Mark 15:33-41 . The Death of Jesus.— At the sixth hour (12 noon) there was a preternatural gloom over Judæ a (reject RVm “ earth” ). This was not an eclipse, which could not occur at full moon. Either the sun was actually clouded at the time, or the incident is suggested by such a passage as Amos 8:9 or by the belief that nature mourns heroes (see Plutarch, Pelop. 295 a). When the darkness had lasted for three hours, Jesus uttered the one word from the Cross recorded in Mk. and Mt. If spoken in Aramaic “ Eloi, Eloi,” the misunderstanding that follows is strange. The Heb. È li, Eli might be so misunderstood. We do not know the exact significance of this strange and seemingly desolate cry. The words come from Psalms 22:1. “ Strange to think that is the cry of the feeling of Jesus. One is almost tempted to say that there, as in a supreme instance, is measured the distance between feeling and fact. So He felt; and yet mankind has been of another mind, that there, more than in all else that He was or did, there was God” (Glover). The offer of vinegar ( cf. Ruth 2:14) may be an act of kindness. The waiting for Elijah is mockery, or curiosity. After six hours’ torture Jesus died, with one more inarticulate cry. The rent veil of the Temple symbolises the effect of His death ( cf. Hebrews 10:19 f.) . The manner of His death— the strength of His cries and the suddenness of the end— convinced the centurion that He was more than man. “ The captain stands at the end of the gospel as the type and forerunner of the countless bands of heathen who have been won over to the message of the crucified One” (J. Weiss). The evangelist then mentions some of the women who watched afar off and to whom he may have owed some of his information. The loyalty of the women surpassed that of the disciples. Mary of Magdala (p. 29) must not be identified with the woman that was a sinner mentioned in Luke 7:37. Salome is described in Matthew 27:56 as mother of the sons of Zebedee.

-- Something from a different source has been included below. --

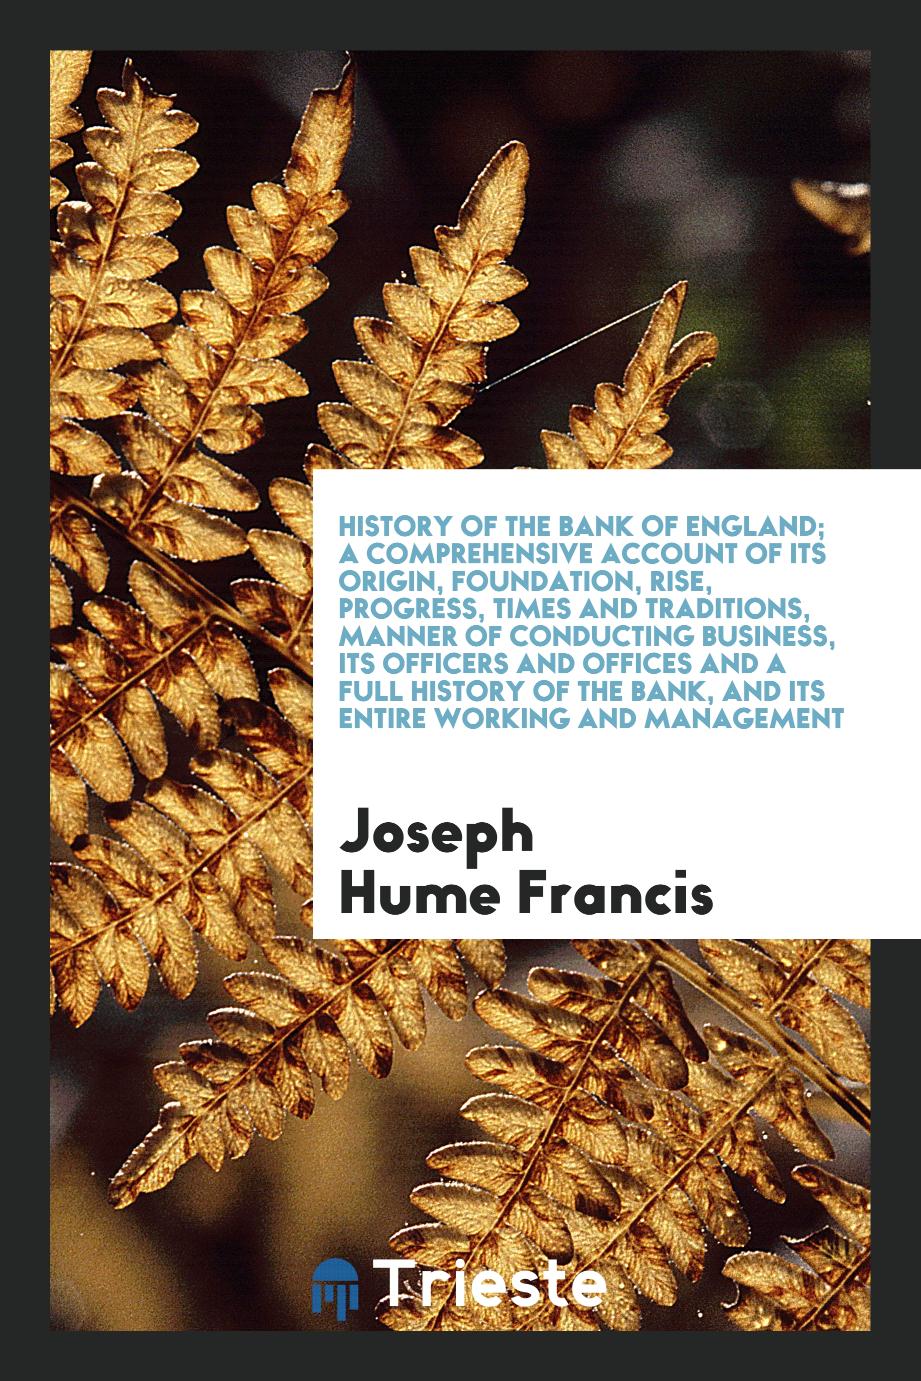 History of the Bank of England; A Comprehensive Account of Its Origin, Foundation, Rise, Progress, Times and Traditions, Manner of Conducting Business, Its Officers and Offices and a Full History of the Bank, and Its Entire Working and Management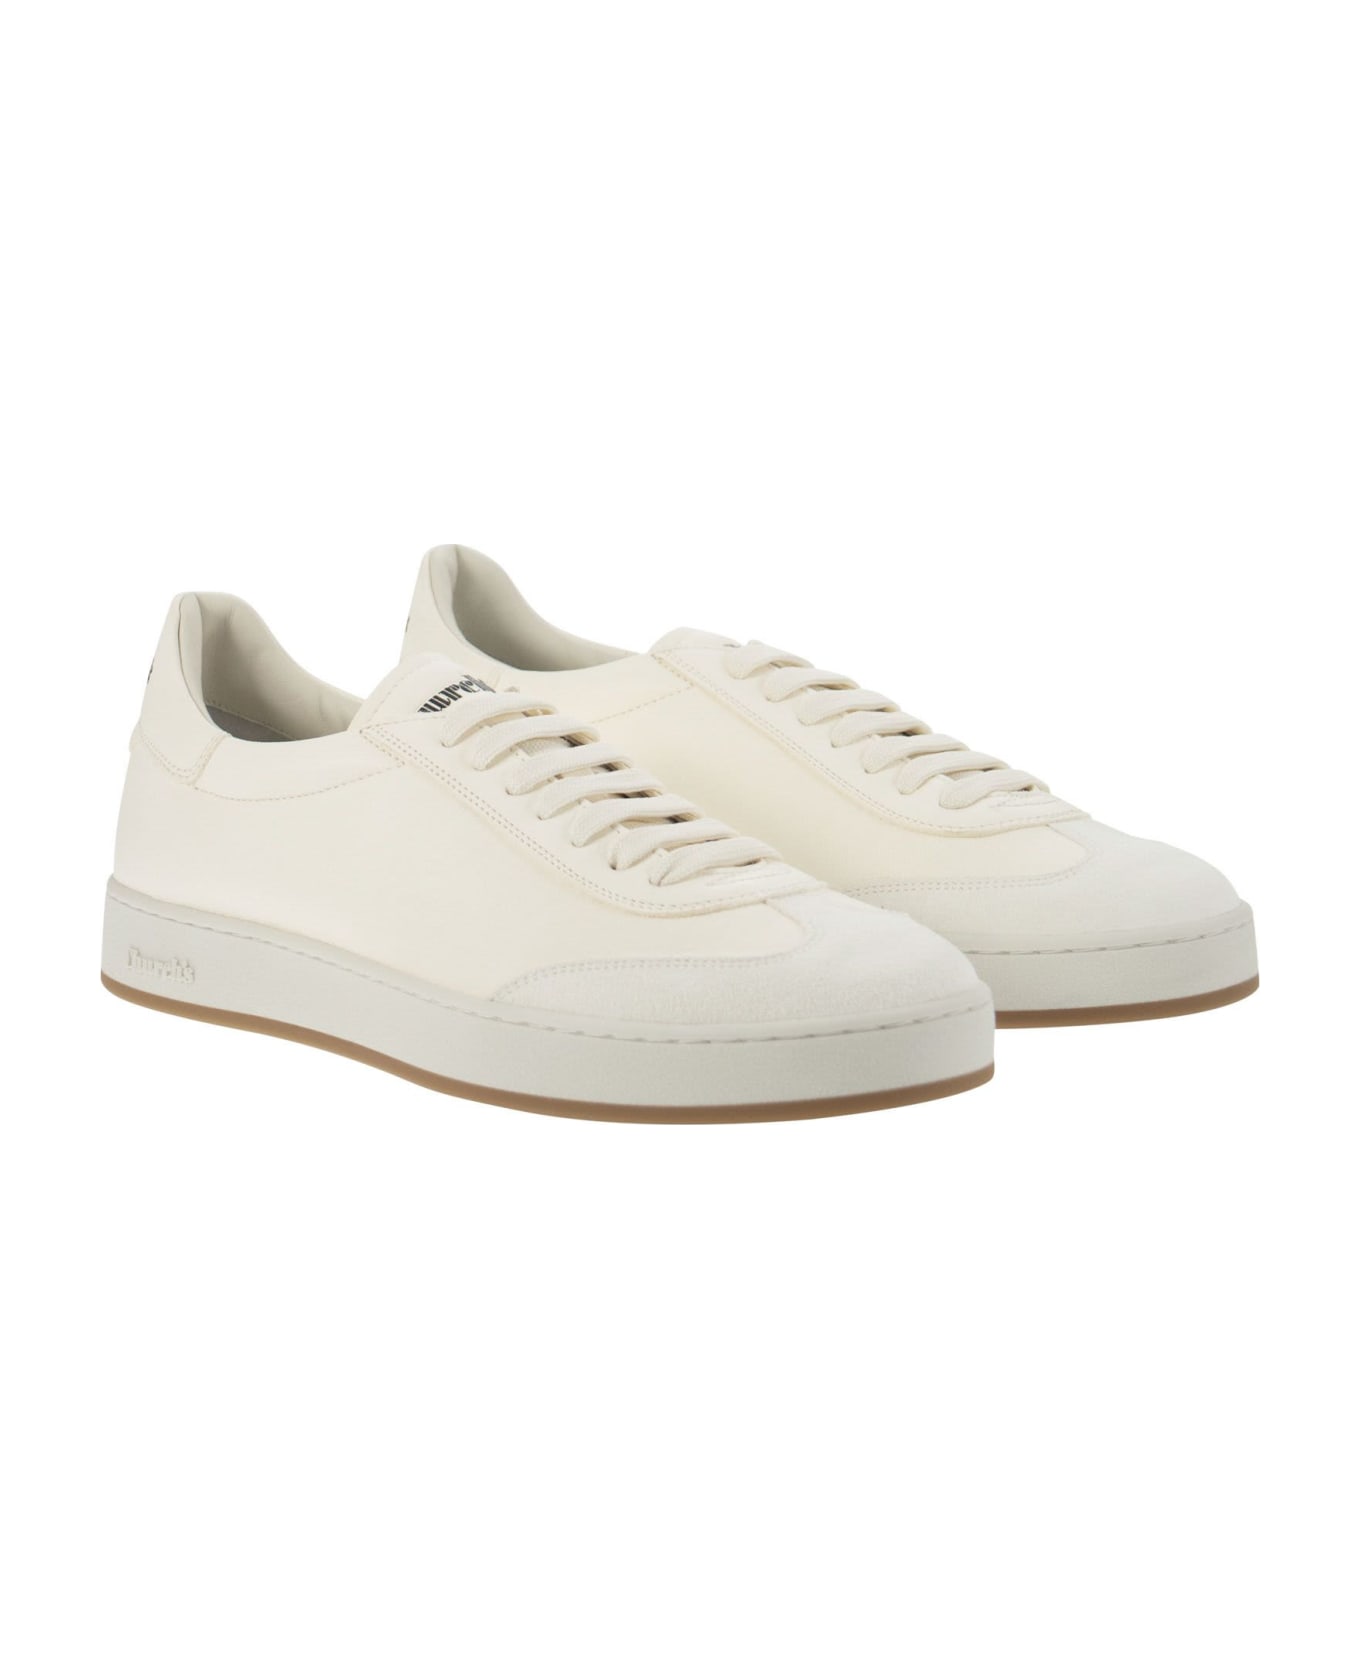 Church's Largs - Suede And Deerskin Sneaker - White

Mark 15:42-47 . The Burial of Jesus.— Deuteronomy 21:23 enjoined the burial of dead criminals before nightfall ( cf. Josephus, Wars, IV, v.2). The day of the Crucifixion being the preparation for the Sabbath, i.e. Friday, the carrying out of the law was doubly desirable. It required courage to approach Pilate, but Joseph of Arimathæ a enjoyed sufficient distinction to venture. Pilate granted him the corpse (the brutal technical word is used). Joseph hastily placed the body in a rock-tomb, the characteristic mode of burial at that time and place. The stone which covered the entrance to the tomb was a protection against wild beasts and thieves (Menzies). The women marked the spot and prepared to render the last offices of love.